Some torchvision classification models are ported to use with the toolbox. They can output multiple feature map levels. torchvision>=0.11.0
is required since its feature extraction API is used to do this.
ImageNet1K_V2
) from their respective models' files.ResNet:
RegNet:
MobileNet:
EfficientNet:
Backbone | Top-1 acc^ | #Params(M) | FLOPS(G)* |
---|---|---|---|
ResNet family | |||
ResNet-18 | 69.8 | 11.18 | 3.64 |
ResNet-34 | 73.3 | 21.28 | 7.34 |
ResNet-50 | 76.1 | 23.51 | 8.22 |
ResNet-101 | 77.4 | 42.50 | 15.66 |
ResNet-152 | 78.3 | 58.14 | 23.11 |
ResNeXt-50 32x4d | 77.6 | 22.98 | 8.51 |
ResNeXt-101 32x8d | 79.3 | 86.74 | 32.95 |
Wide ResNet-50-2 | 78.5 | 66.83 | 22.85 |
Wide ResNet-101-2 | 78.9 | 124.84 | 45.59 |
RegNet family | |||
RegNetX-400MF | 72.8 | 5.10 | 0.84 |
RegNetX-800MF | 75.2 | 6.59 | 1.62 |
RegNetX-1.6GF | 77.0 | 8.28 | 3.24 |
RegNetX-3.2GF | 78.4 | 14.29 | 6.40 |
RegNetX-8GF | 79.3 | 37.65 | 16.04 |
RegNetX-16GF | 80.1 | 52.23 | 31.98 |
RegNetX-32GF | 80.6 | 105.29 | 63.61 |
RegNetY-400MF | 74.0 | 3.90 | 0.82 |
RegNetY-800MF | 76.4 | 5.65 | 1.69 |
RegNetY-1.6GF | 78.0 | 10.31 | 3.26 |
RegNetY-3.2GF | 78.9 | 17.92 | 6.40 |
RegNetY-8GF | 80.0 | 37.36 | 17.03 |
RegNetY-16GF | 80.4 | 80.57 | 31.92 |
RegNetY-32GF | 80.9 | 141.33 | 64.69 |
MobileNet family | |||
MobileNetV2 | 71.9 | 2.22 | 0.63 |
MobileNetV3 large | 74.0 | 2.97 | 0.45 |
MobileNetV3 small | 67.7 | 0.93 | 0.12 |
EfficientNet family | |||
EfficientNet B0 | 77.7 | 4.01 | 0.80 |
EfficientNet B1 | 78.6 | 6.51 | 1.18 |
EfficientNet B2 | 80.6 | 7.70 | 1.36 |
EfficientNet B3 | 82.0 | 10.70 | 1.98 |
EfficientNet B4 | 83.4 | 17.55 | 3.09 |
EfficientNet B5 | 83.4 | 28.34 | 4.82 |
EfficientNet B6 | 84.0 | 40.74 | 6.86 |
EfficientNet B7 | 84.1 | 63.79 | 10.53 |
*FLOPS is measured with (1,3,224,224)
input.
^Top-1 accuracy is copied from torchvision's documentation (0.11.0 at the time of writing)
Implementation notes
FPN: no batch norm and activation are used in lateral connections.
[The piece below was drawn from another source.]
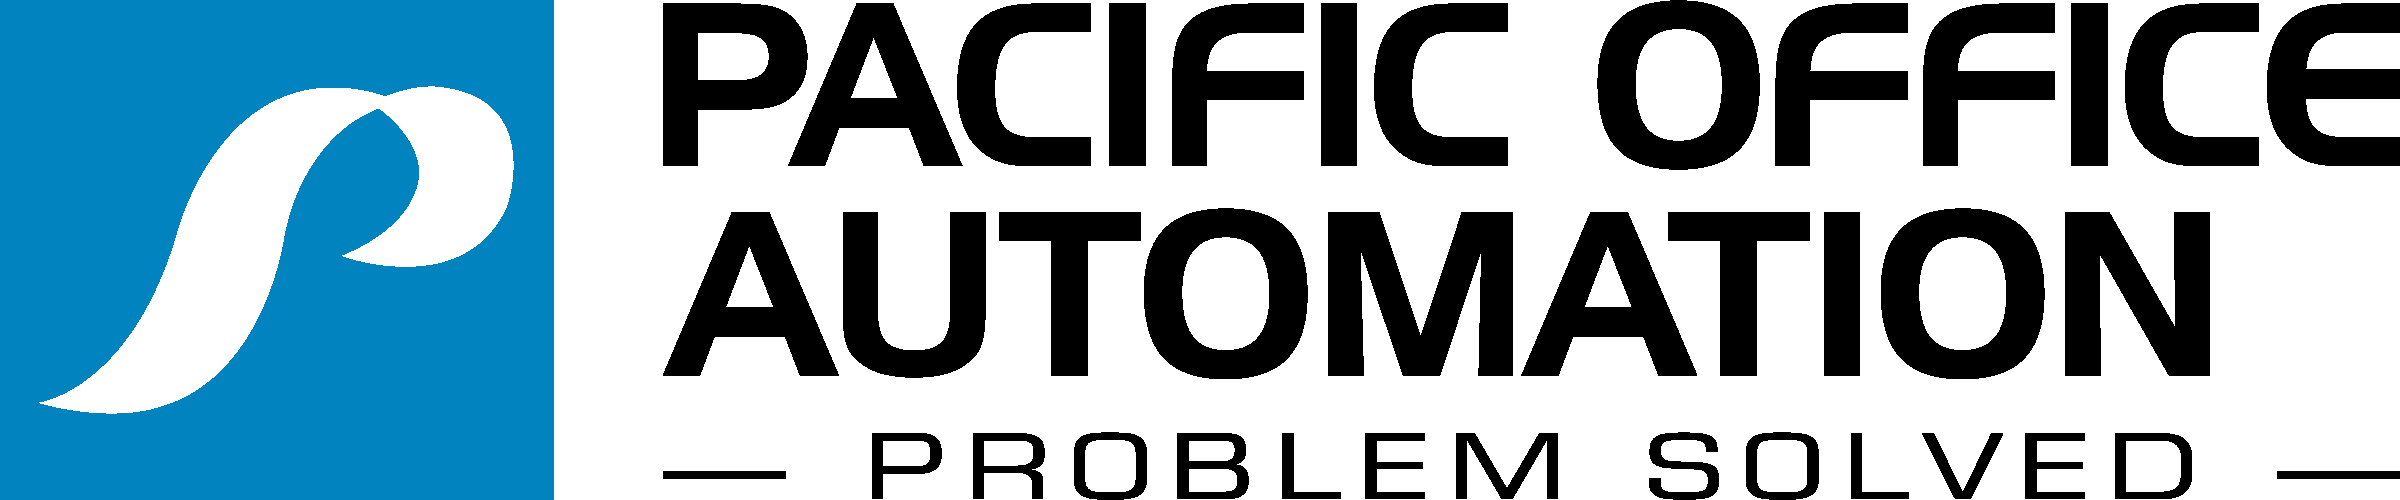 poa-logo-standard-color

Output convolutions (with batch norm and ReLU) are inside the top-down path.
P5 = lateral_conv5(C5)
P4 = out_conv4(lateral_conv4(C4) + upsample(P5))
P3 = out_conv4(lateral_conv4(C3) + upsample(P4))
BiFPN: weighted fusion is not implemented. Normal 3x3 convolutions (with batch norm and ReLU) are used by default.